Swedish football coach Christian Samuelsson had this to say about the club.

“It’s such a unique situation. Kurdistan isn’t a country so it has no national team but in a way, Dalkurd has become like a national team for Kurdish people.”

“It’s a phenomenon that hasn’t been replicated elsewhere”, he continues.

“There’s not much we can compare it to. There are teams with religious ties like Tottenham and Ajax who have historic connections to the Jewish community, and there’s clubs like Athletic Bilbao in Spain who only have players from the Basque Country—but a team founded by an ethnic minority of immigrants is not really something I’ve seen before, and certainly not in the top flight of a European league. Dalkurd FF have no parallel elsewhere in the world, but there’s more reason to respect them,” Christian says.

“To be promoted so quickly through the league system is amazing. They had a plan and the organization of the club was very good, they created a good economy and were able to attract quality players as they got higher and higher. They’re like any club now, they just want to win.”

On their astonishing journey from the eighth division to Allsvenskan, the club evolved and took on a more broad symbolic representation. They had become the club of the immigrant. The foreigner. The determined and the traveled. The underdog.

Mbaye Touré, a 21-year-old defender and immigrant from Senegal grew up in the team’s youth academy before leaving the club in 2018.

“I was eleven when I came to Sweden. It was freezing cold—I didn’t know that cold like that even existed. The only thing I recognized was the football. IK Brage signed me first but most of my friends signed for Dalkurd. I switched to them a few years later. It was a welcoming club to all foreigners, not only Kurdish people. Just look at the roster.”
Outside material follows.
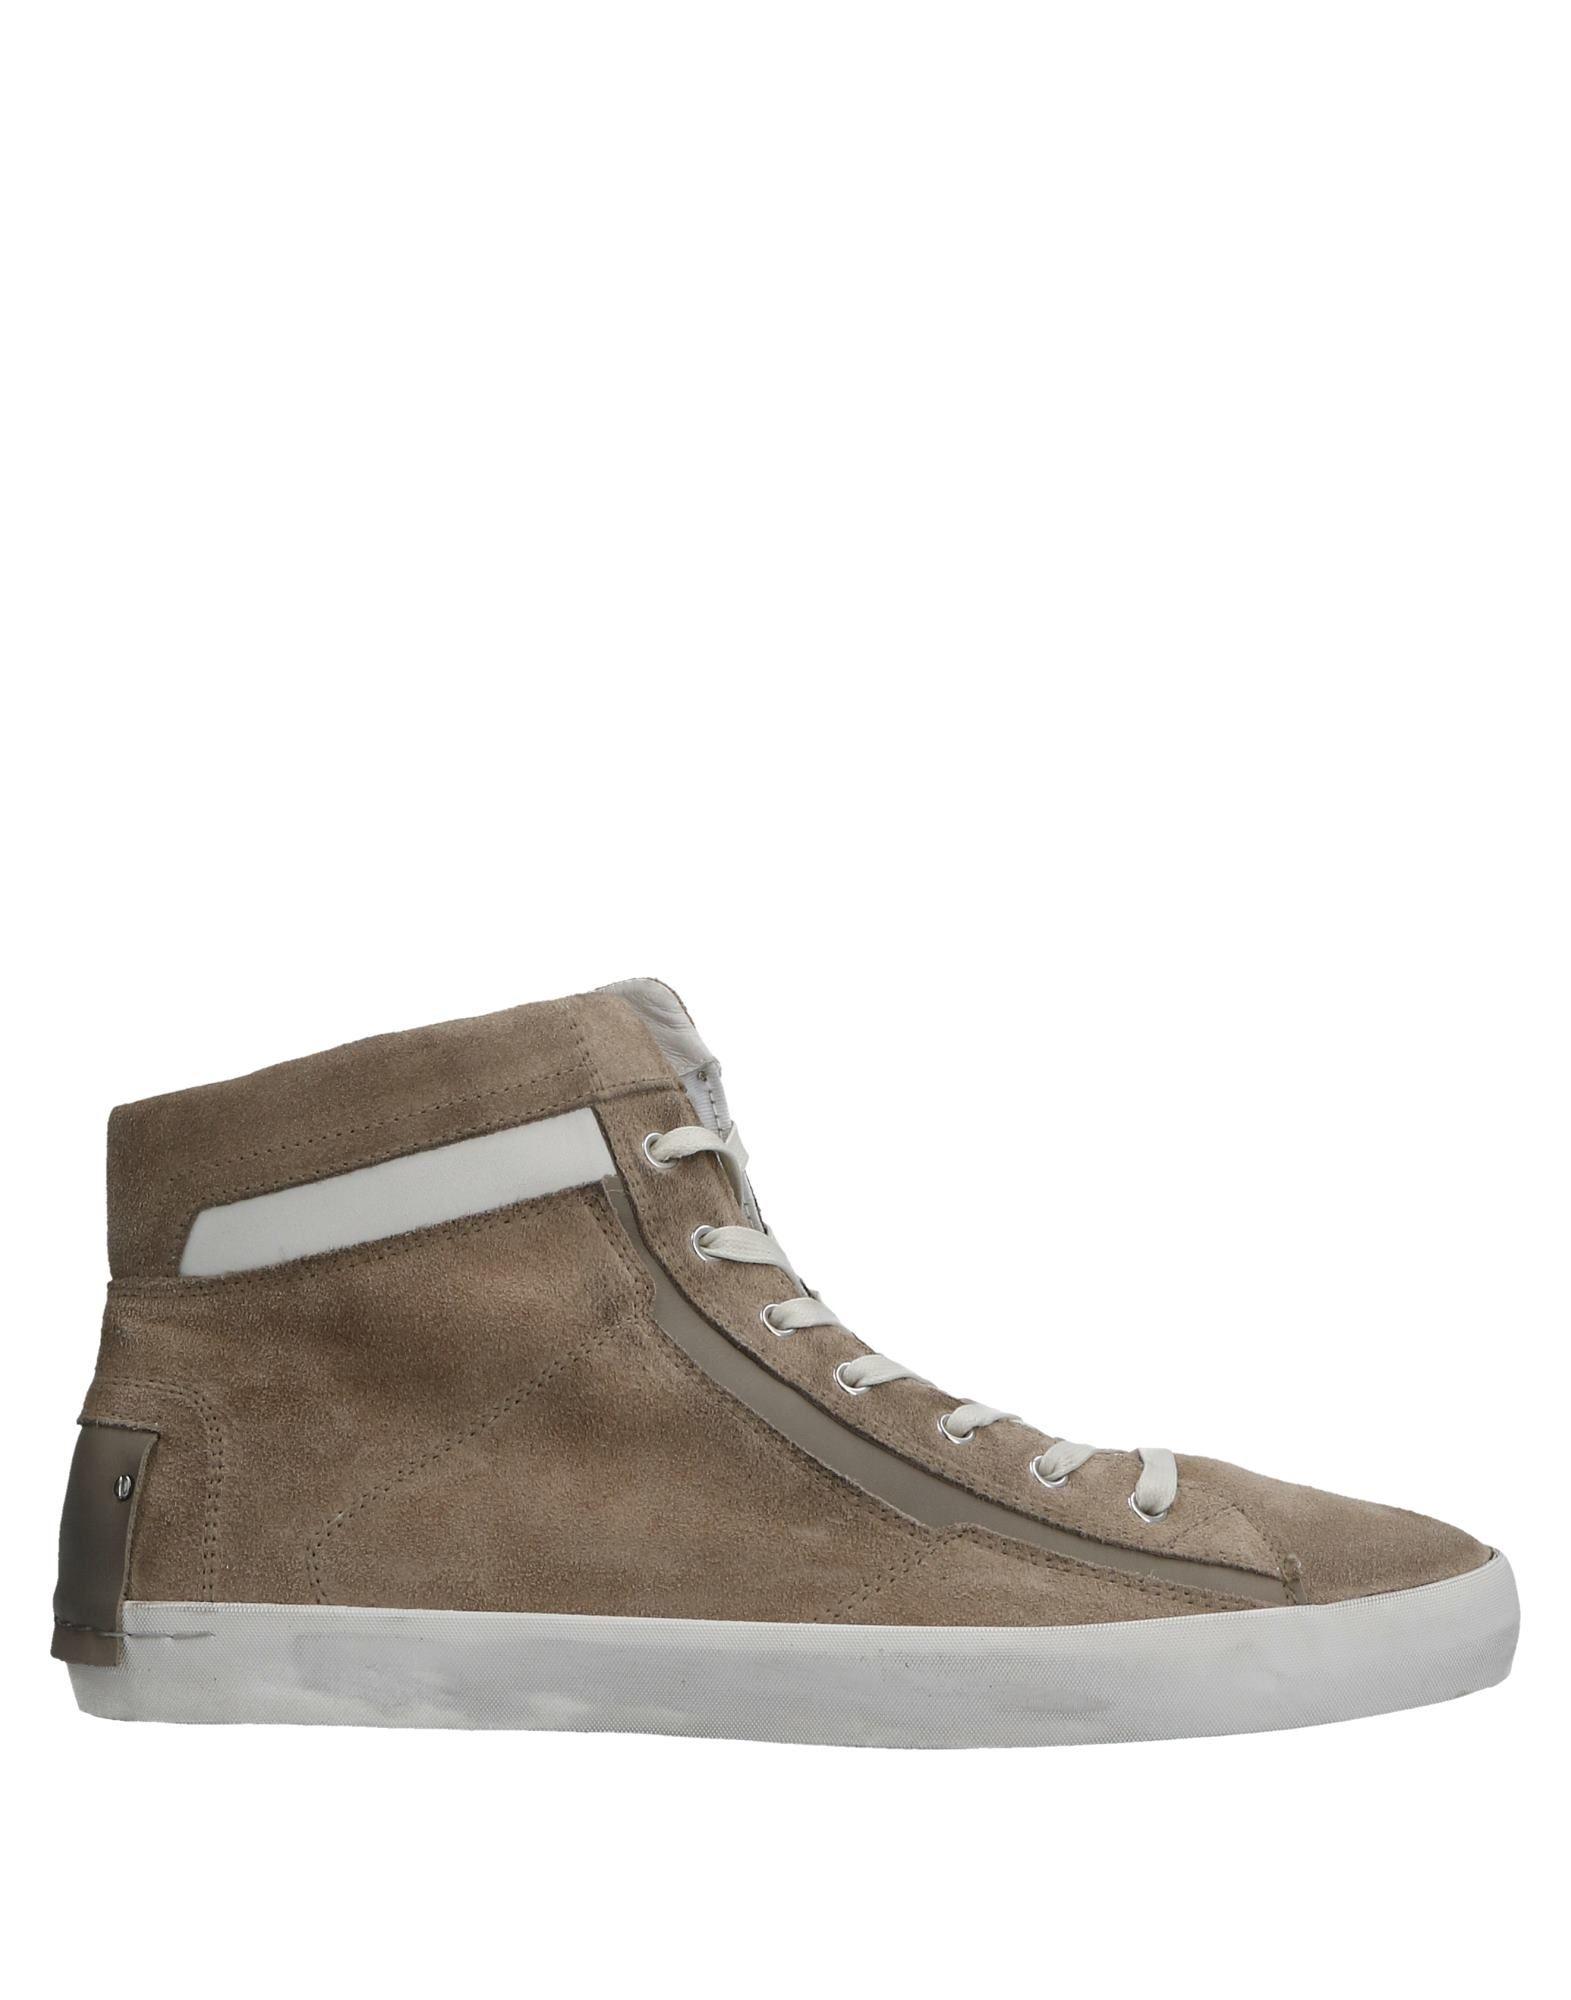 Rabatt echte Schuhe Crime London Sneakers Herren  11531609PQ

Touré is right. By the end of their inaugural Allsvenskan season in 2018 they had fielded players from the following countries: Sweden, Turkey, Finland, The Netherlands, Morocco, Iraq, Kosovo, The Gambia, The Democratic Republic of the Congo, Sierra Leone, The United States, Palestine, Bosnia, Cape Verde and Japan.

Another player with unique credibility on the matter reinforces Touré’s claim. Dillan Ismail, a central defender for Dalkurd, says, “It is a Kurdish team in the roots but Dalkurd has been a multi-cultural team for many years. We have Swedes, Kurds, Arabs, Iranians, Africans, French, and Americans in our team”. Ismail was born in Sweden but is the son of immigrants: a Kurdish father and a Bosnian mother. They came to Sweden dreaming of opportunity for their kids, and Dillan took full advantage, both on the football pitch and in the classroom. The 27-year-old is a highly athletic, balanced and precise defender with a good range of passing and anticipation, but he’s got something no other player in the league has: a medical degree. 

Ismail delayed signing a professional contract until he had graduated from Umeå University and became a doctor, all while captaining third division side, Umeå FC. A professional football player who is also a doctor is something you might see but once in a lifetime. Ismail is the true embodiment of the determination and spirit of a club like Dalkurd.

It started as a social project to give Kurdish children a welcoming place to play soccer on cold Swedish nights, underneath the northern lights. It grew into a team of players from all over the world, walking into the lights of a stadium packed with 30,000 chanting fans.

It’s become easier and easier be fooled into believing that our differences are insurmountable and that common ground is impossible to find. But in Borlänge, we’ve been reminded just how simple it really is; all it took was an idea and a ball.